MySQL 多表关连时优化器缺陷出现的错误Join order(续)

前几天写过一篇<MySQL 多表关连时优化器缺陷出现的错误Join order>,记录了mysql在多表join时,在清理了其中一个表部分记录后,优化器因为局部的cost估算产生了错误的join order,后来和同事讨论,这里显示MySQL的另一个问题,MySQL的统计信息来自索引,无索引列在MySQL 8.0前或在8.0后没有手动创建列直方图(Histogram),优化器是无法准确估算选择性的。下面我们继续上一篇的测试用例继续。

MySQL有列的统计信息吗?

MySQL 在一定程度上 提供了列(column)上的统计信息,但其详细程度和使用方式取决于所使用的存储引擎(尤其是 InnoDB)以及 MySQL 的版本。

MySQL 5.6 开始,InnoDB 引入了持久化优化器统计信息(Persistent Optimizer Statistics),其中包括表和索引的统计信息。虽然 InnoDB 不直接为每一列维护详细的统计信息(如直方图、唯一值数量等),但它会通过索引来间接提供一些列的分布信息。
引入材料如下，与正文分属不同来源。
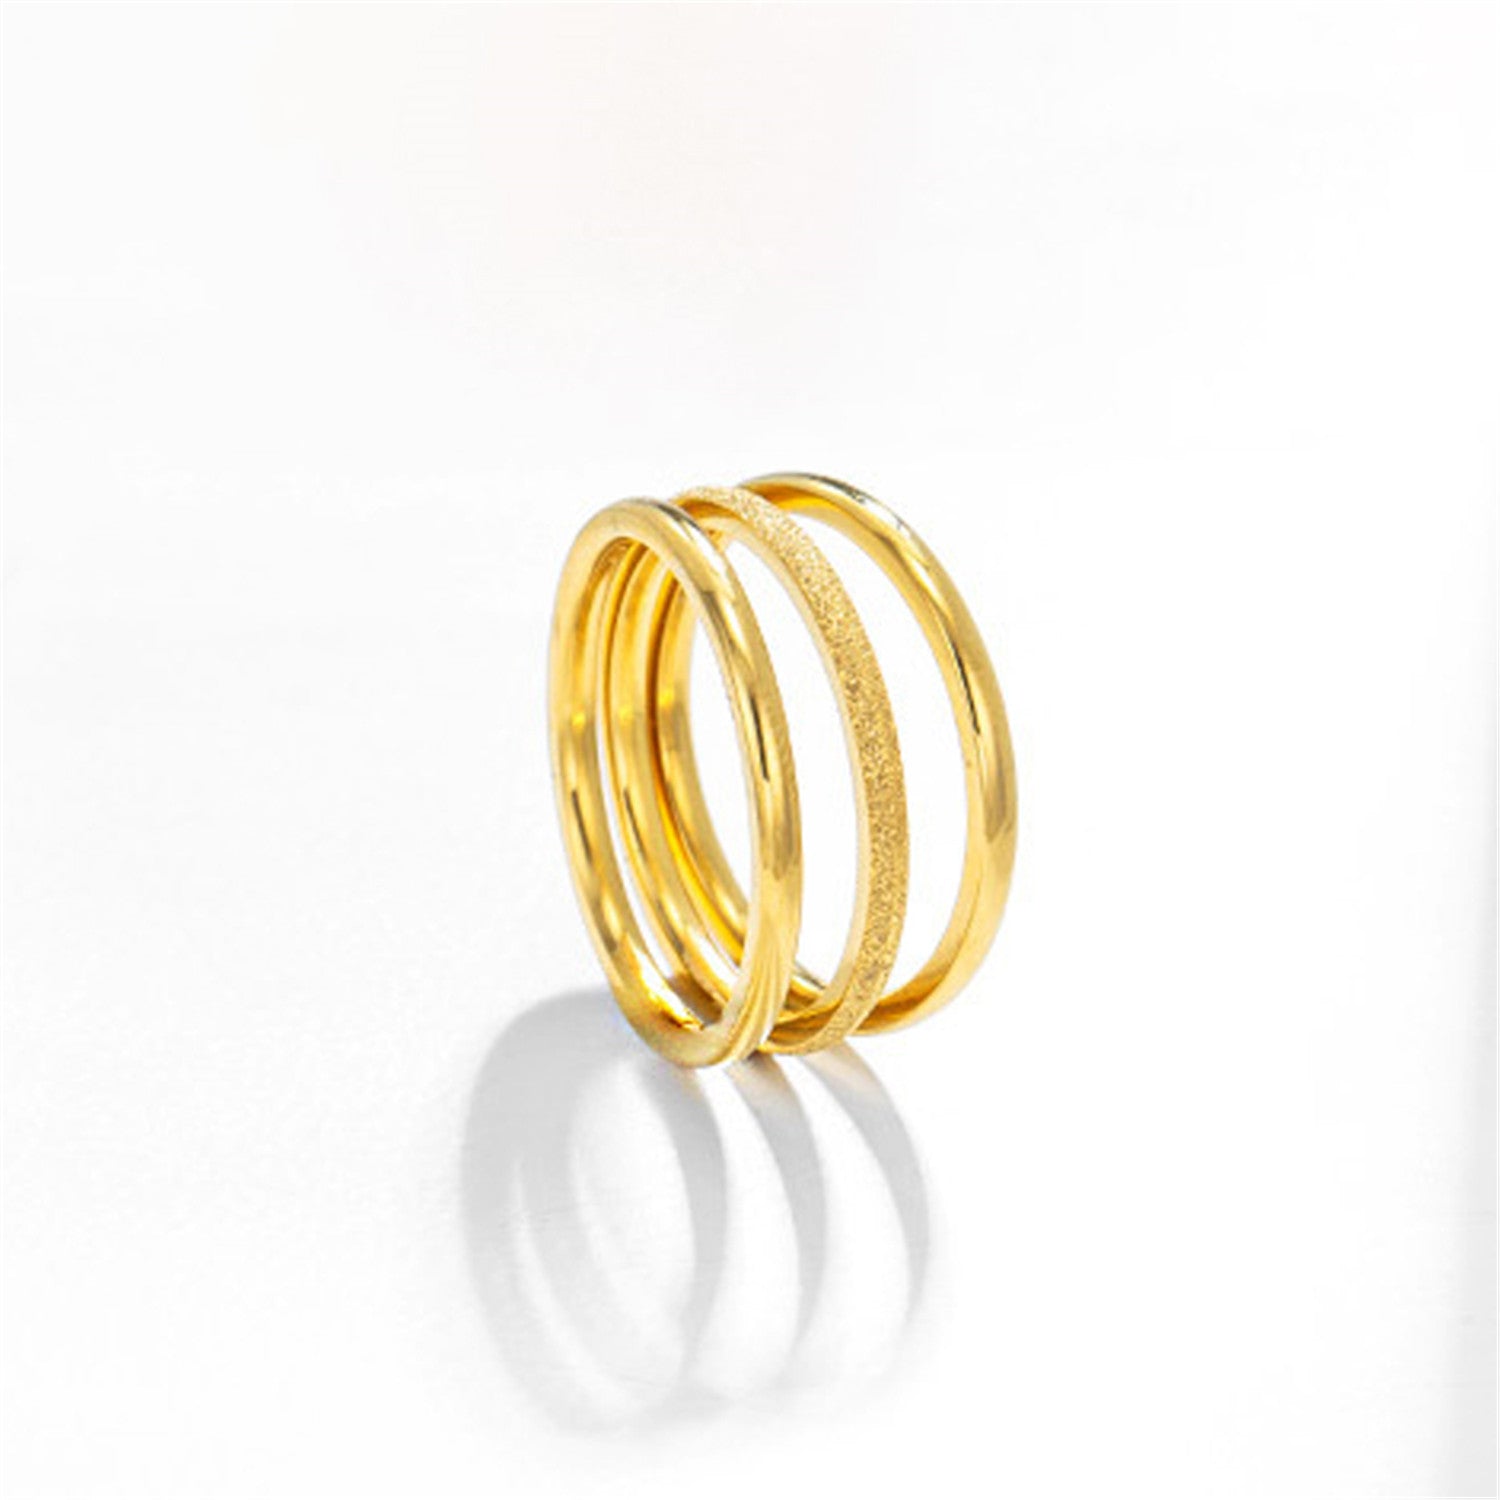 23K Gold Plated Titanium Steel Ring Set,Modern Stylish

从 MySQL 8.0 开始,MySQL 原生支持列上的直方图统计信息,用于帮助优化器更准确地估算查询条件的选择性(特别是对非索引列或复杂谓词)。

MySQL 版本列统计信息支持情况
< 5.6几乎没有列级别统计,依赖运行时采样
5.6 ~ 5.7有索引统计,但无列直方图
8.0+✅ 支持通过 ANALYZE TABLE ... UPDATE HISTOGRAM 创建列直方图

统计信息相关视图

可通过 INFORMATION_SCHEMA.STATISTICSmysql.innodb_index_stats 查看索引相关的统计。

SELECT * FROM mysql.innodb_table_stats;

SELECT * FROM mysql.innodb_index_stats;

列上的直方图统计信息

  • 使用 ANALYZE TABLE table_name UPDATE HISTOGRAM ON column_name [WITH N BUCKETS]; 创建直方图。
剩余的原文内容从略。